Вахтанг, ты прав!

Елистратов Владимир
Недавно произошло вот что. Иду я в магазин, в «Пятерочку». Мокрый ноябрьский снег. Что-то вроде вялотекущей метели. Иду прямо – метель в лицо, поворачиваю направо – она опять в лицо. Налево – туда же. У нас в России куда ни иди – метель всегда в морду. Загадочная страна.

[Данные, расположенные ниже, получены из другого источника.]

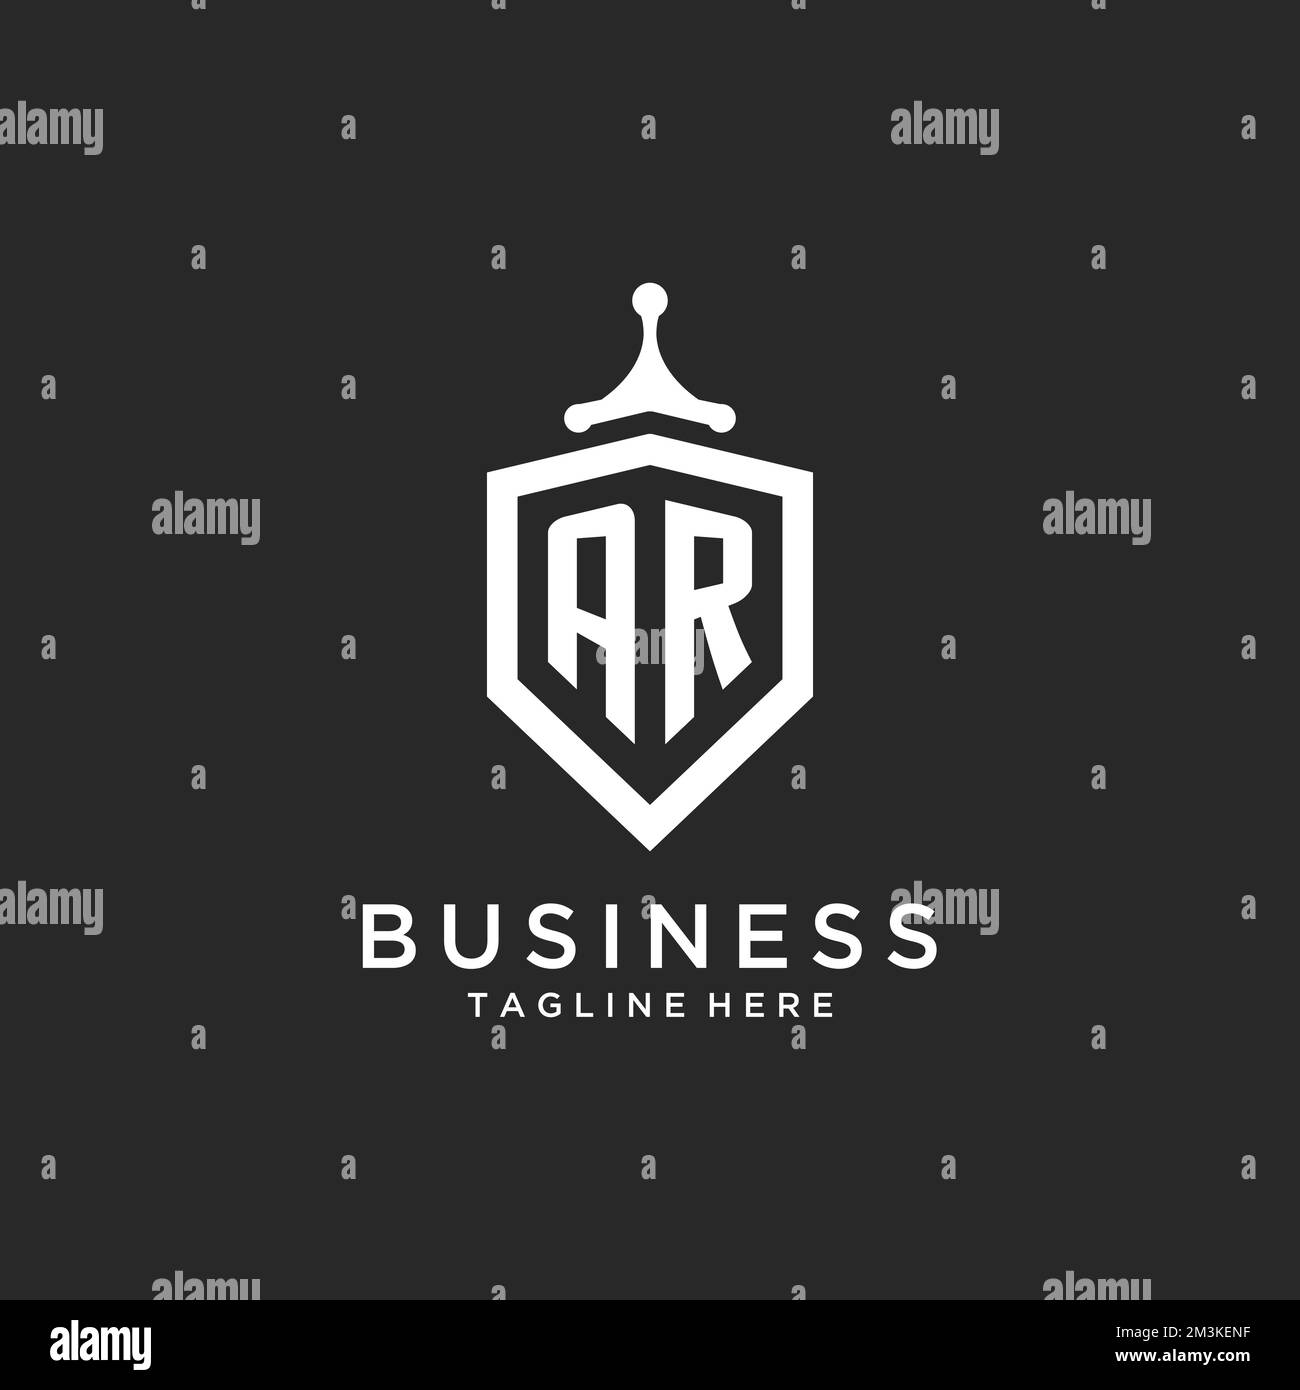 AR monogram logo initial with shield guard shape design ideas Stock Vector

Мимо проезжает машина. Из окна раздается песня «Мои года – мое богатство» в исполнении, разумеется, Вахтанга Константиновича Кикабидзе.
Встречная прохожая женщина лет шестидесяти останавливает меня:
- Молодой человек, а где здесь седьмой подъезд?
Я объясняю. Потом думаю: надо же, молодым человеком называют, значит, не так уж я плох в свой полтос с гаком. Обычно я иду под рубрикой «мужчина», а тут… Настроение слегка улучшается.
Иду дальше. Стоит бабушка, держит за руку внучку лет пяти. Внучка вдруг резко тыкает в меня пальцем и спрашивает:
- Бабушка, а чей это дедушка?
Вот тебе и на;… Дожил… Настроение резко ухудшается.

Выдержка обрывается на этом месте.